I heard that this sort of thing happens, that teens can plow through your kitchen like a swarm of locusts, leaving the fridge and cupboards half bare and then still say “I’m starving.”

My aunt Ann, the mother of seven boys, used to lock the baking supplies high in a kitchen cupboard, pocket the key and then flee to our house just as the afternoon school bell rang.

She and mom would have a peaceful chat over coffee while some animated version of Lord of the Flies was raging on up the road in her kitchen.

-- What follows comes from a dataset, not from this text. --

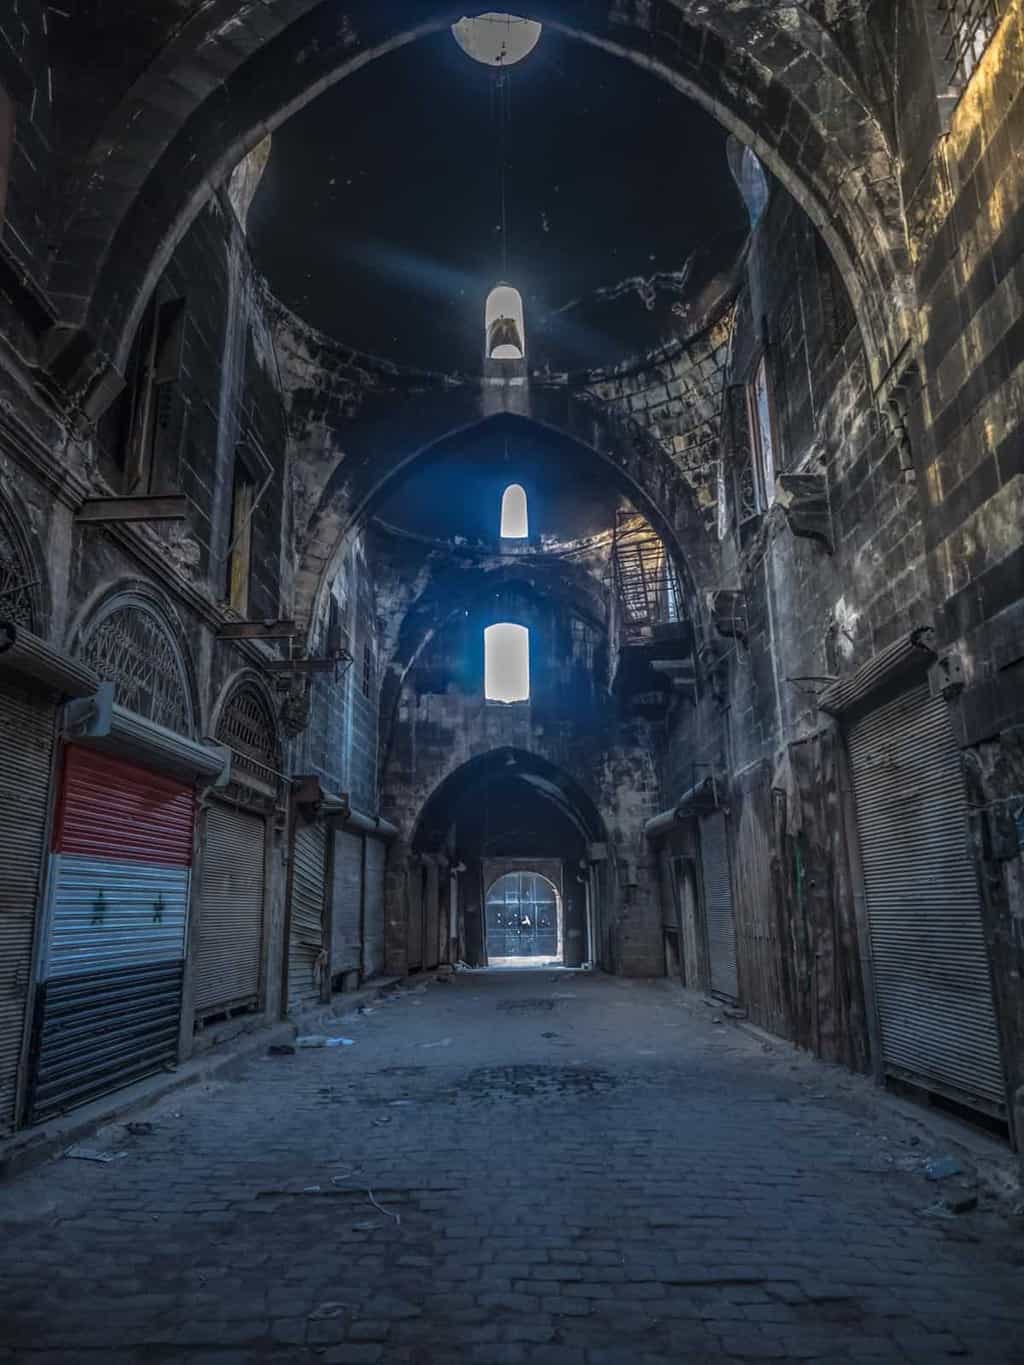 Aleppo souq in 2017

(That exaggeration is only slight.)

banana oat muffins with molasses are wholesome and nutritious

When my son makes his way through the back path and in the door after school these banana oat muffins with molasses are one treat that fills his belly. They’re a nutritious grab-and-go snack that’s wholesome and just sweet enough.

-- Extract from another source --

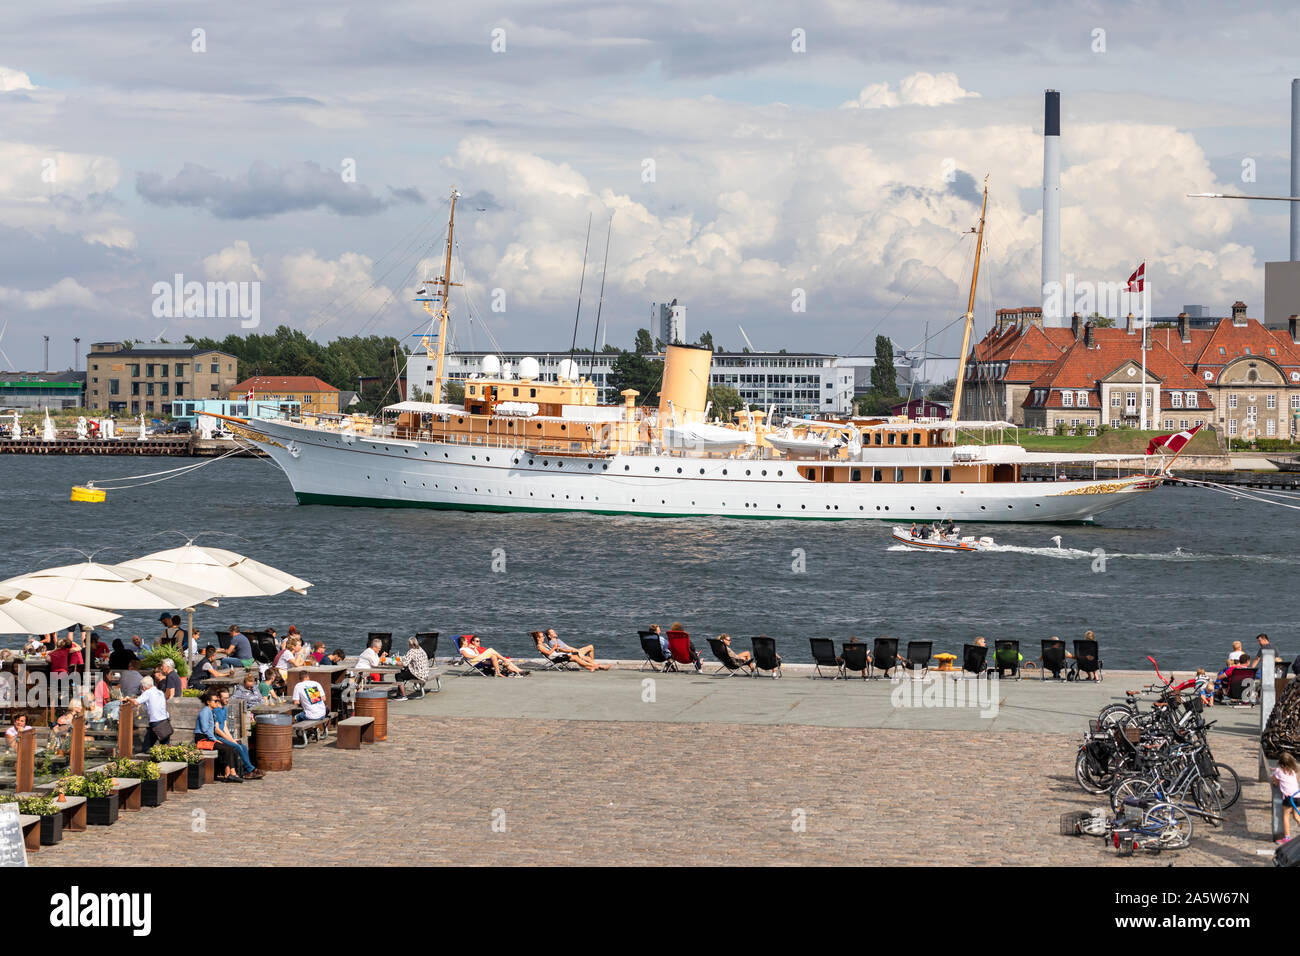 Her Danish Majesty's Yacht Dannebrog, the Danish Royal Yacht, in Copenhagen Harbour, Denmark Stock Photo

I freeze great bunches of over ripe bananas so I always have some on hand for baking. Just peel them first, and lay them on cookie sheets to freeze before packing them away (otherwise they’ll all stick together).

banana oat muffins with molasses are wholesome and nutritious

Banana Oat Muffins with Molasses Recipe

 Adapted from Our Lady of Second Helpings

Makes 12 muffins (or 18 mini muffins)

Ingredients:

  • ½ cup butter, softened
    1/3 cup sugar
    2 large eggs
    3 ripe bananas, mashed (approximately 1 1/4 cups after mashing)
    1/4 cup Crosby’s Fancy Molasses
    1/2 cup plain yogurt or buttermilk
    1 teaspoon vanilla
    1 teaspoon baking soda
    1/2 teaspoon salt
    1 teaspoon cinnamon
    1/2 teaspoon nutmeg
    1 1/2 cups flour, spooned in (can use half whole grain)
    3/4 cup rolled oats

Instructions:

  1. Preheat oven to 350 F and prepare muffin tins.
  2. In a large bowl beat butter and sugar. Beat in eggs, one at a time.
  3. Add the bananas, molasses, yogurt, and vanilla and mix well.
  4. Sprinkle over the baking soda, salt, cinnamon and nutmeg and mix well.
  5. Add the flour 1/2 a cup at a time, mixing gently until just incorporated. Gently stir in the oats.
  6. Spoon into prepared tins and bake for 20-25 minutes, until set.
  7. Let cool 10 minutes before removing from pan.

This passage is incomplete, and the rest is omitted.